Utilisé à bon escient, le statut d’autoentrepreneur est un outil simple et puissant pour franchir le pas de l’entrepreneuriat et structurer une activité indépendante sur des bases solides.

Questions fréquentes

Depuis quand le régime d’autoentrepreneur existe-t-il en France ?

Le régime d’autoentrepreneur a été créé en 2008 et il est applicable depuis le 1er janvier 2009 pour les travailleurs indépendants.

Qui peut devenir autoentrepreneur ?

Toute personne physique majeure, résidente fiscale en France et juridiquement capable de gérer peut devenir autoentrepreneur, sous réserve de respecter certains plafonds et incompatibilités.

Quel est l’intérêt principal du statut d’autoentrepreneur ?

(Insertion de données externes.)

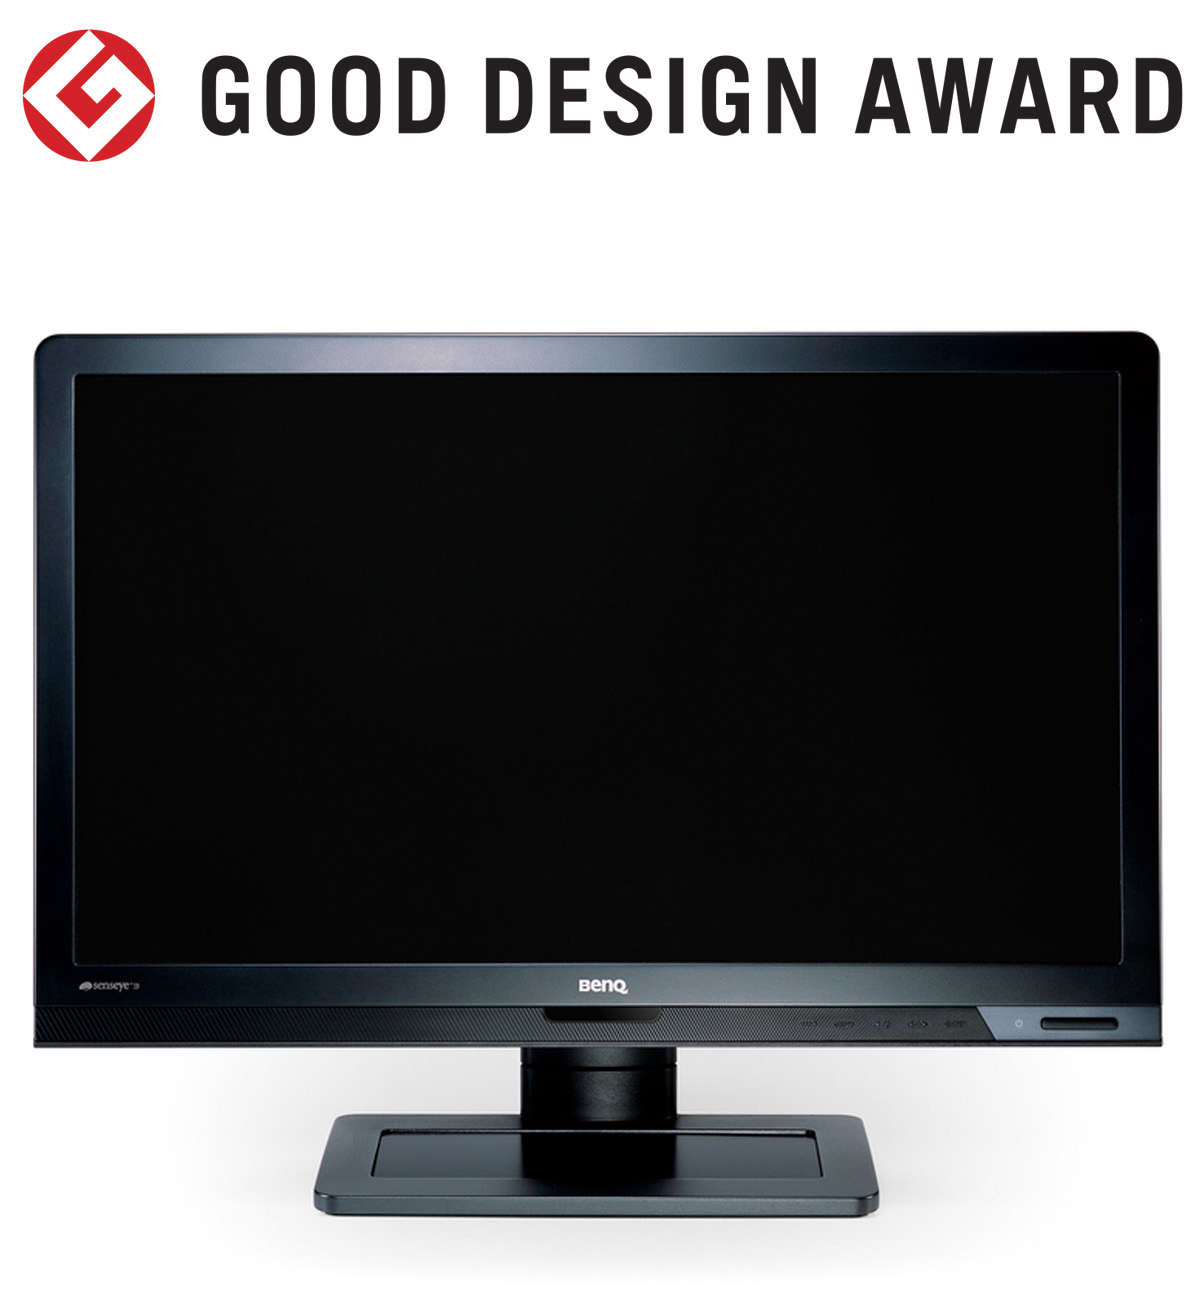 【日本】明基BenQ商用显示器B2210HD获颁2010年度G-Mark设计大奖（GOOD DESIGN AWARD 2010）

Son principal intérêt est la simplicité : démarches de création rapides, obligations comptables réduites et cotisations calculées directement sur le chiffre d’affaires réalisé.

Un autoentrepreneur doit-il payer des charges s’il ne fait pas de chiffre d’affaires ?

Non, si le chiffre d’affaires est nul sur une période, les cotisations sociales correspondantes sont également nulles, même si la déclaration reste obligatoire.

L’autoentrepreneur doit-il tenir une comptabilité complète ?

Non, il doit seulement tenir un livre des recettes et, pour les activités de vente, un registre des achats, sans obligation d’établir un bilan comptable complet.

Qu’est-ce que le Versement Fiscal Libératoire pour un autoentrepreneur ?

C’est une option qui permet de payer l’impôt sur le revenu en même temps que les cotisations sociales, via un pourcentage appliqué au chiffre d’affaires déclaré.